The statement went on to say: Here's our reply to your heinous crime, to the murderous military junta. "..We announce it, as also the founding Imam Hassan Al-Banna announced it: "To die for the sake of God is our highest aspiration".
London-based Brotherhood leader Mohamed Soudan told Turkish news agency Anadolu:
"Authorities announced the death of Kamal and Shehata shortly after local media reported that they had been arrested. This means that both leaders had been liquidated," he said.
Dr. Kamal was twice sentenced in absentia to life in prison on charges of setting up an armed group and setting off an explosion near a police station, while Ragab was sentenced in absentia to 10 years in jail.
Dr.Kamal was one of the most prominent leaders of the Muslim Brotherhood and a member of the Guidance Bureau. He was previously in charge of the supreme Administrative Committee, known as the youth committee.
He was accused of planning the June 2015 killing in Cairo of Egypt's chief prosecutor, Hisham Barakat.
Dr. Kamal was also accused of master minding the assassination attempt on Egypt's former mufti, Sheikh Ali Gomaa, in Cairo in August 2016. Tellingly, Ansar Beit al-Maqdis claimed responsibility for the attack.
Gomaa was a key supporter of the military's 2013 coup. In public speeches, he has been advocating the use of force against the Muslim Brotherhood.
Harsh crackdown
The mysterious killing of the two Muslim Brotherhood leaders once again highlights the brutal policies of the US-backed military government of Filed Marshall Abdel Fatah el-Sisi who came to power in July 2013 by overthrowing the elected President Mohammad Morsi.
Since President Morsi's outer, the military government has been carrying an extensive crackdown on Morsi's supporters and other government opponents. Thousands of the group's members, including its top leadership, have been jailed for opposing the coup.

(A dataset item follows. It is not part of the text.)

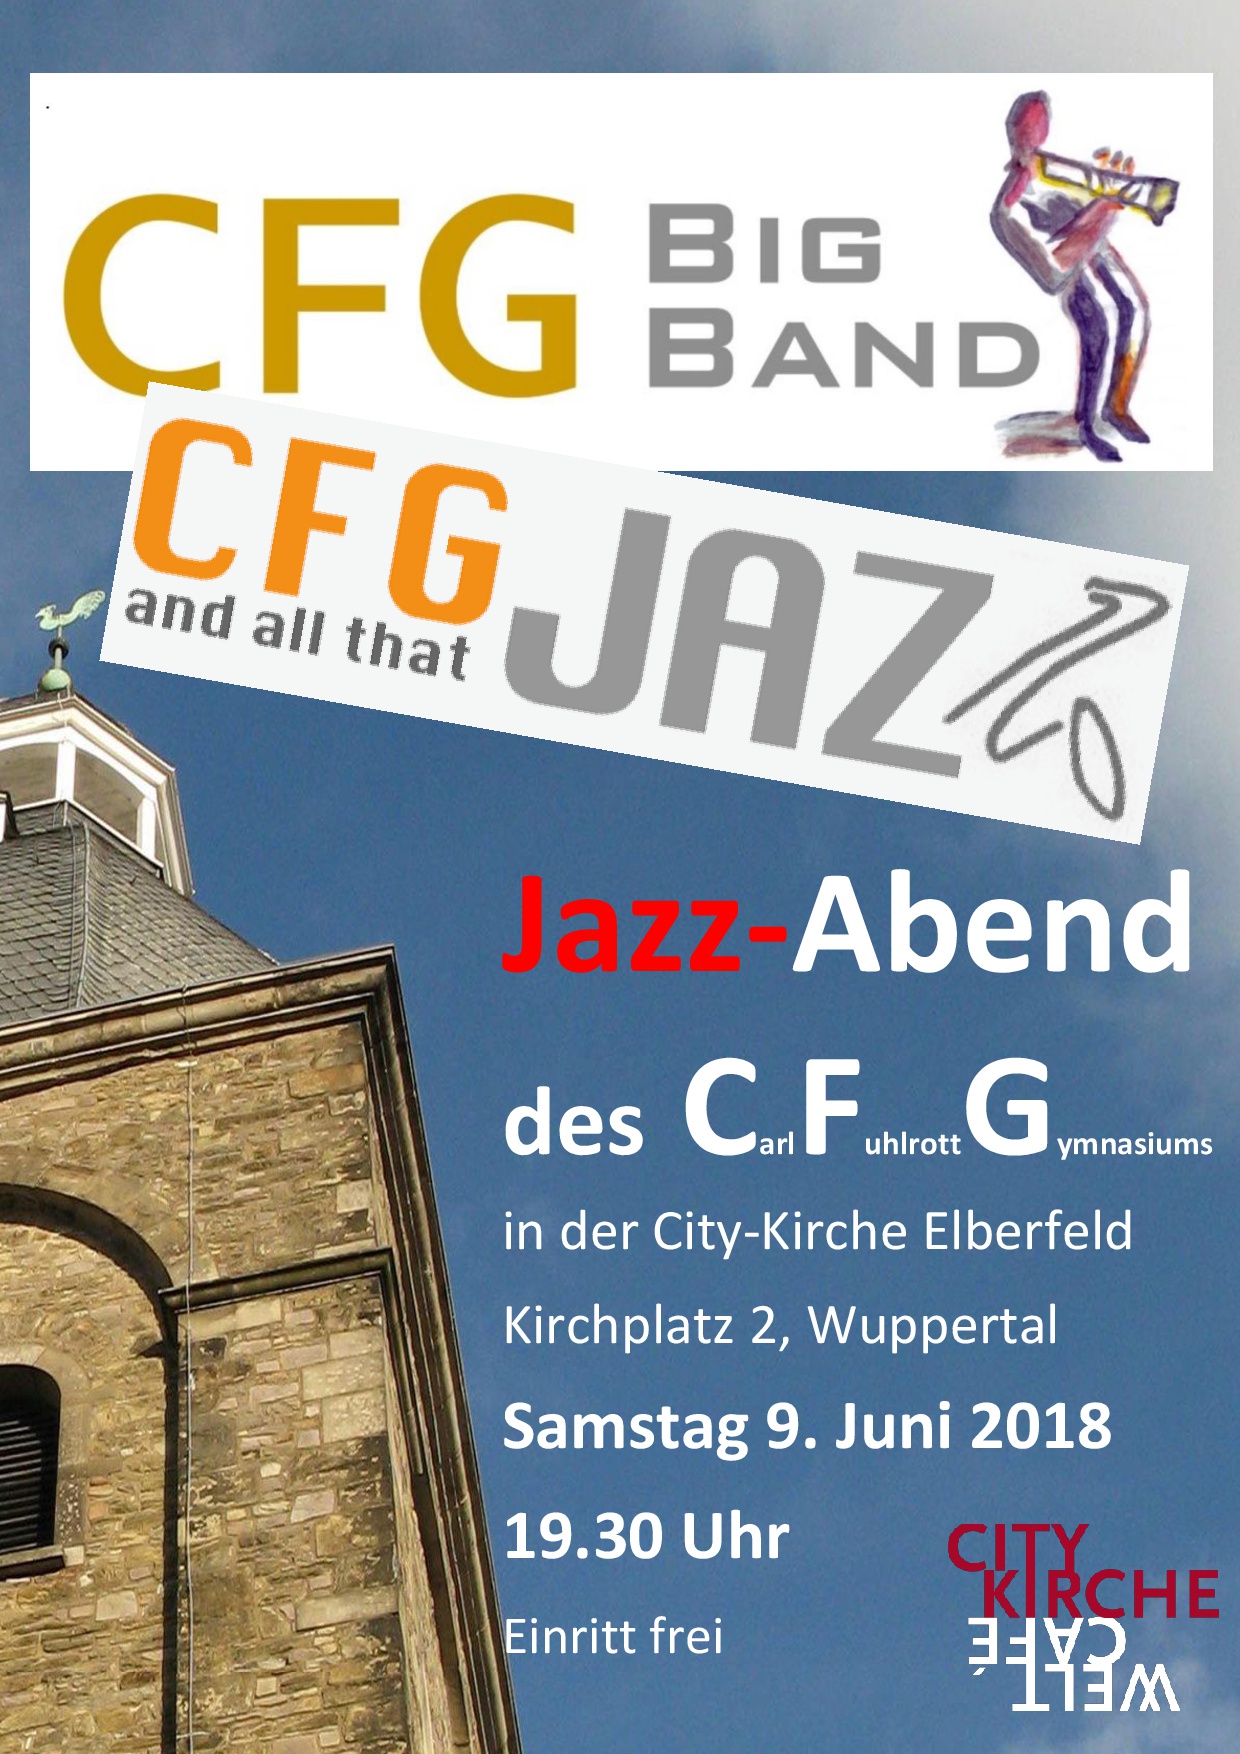 2018 Plakat cfg bigband citykirche -001

On February 2, 2015, an Egyptian court sentenced 183 supporters of the Muslim Brotherhood to death on charges of killing police officers, part of a sustained crackdown by authorities on anti-government elements. The men were convicted of playing a role in the killings of 16 policemen in the town of Kardasa in August 2013 during the upheaval that followed the army's coup against president Mohamed Mursi.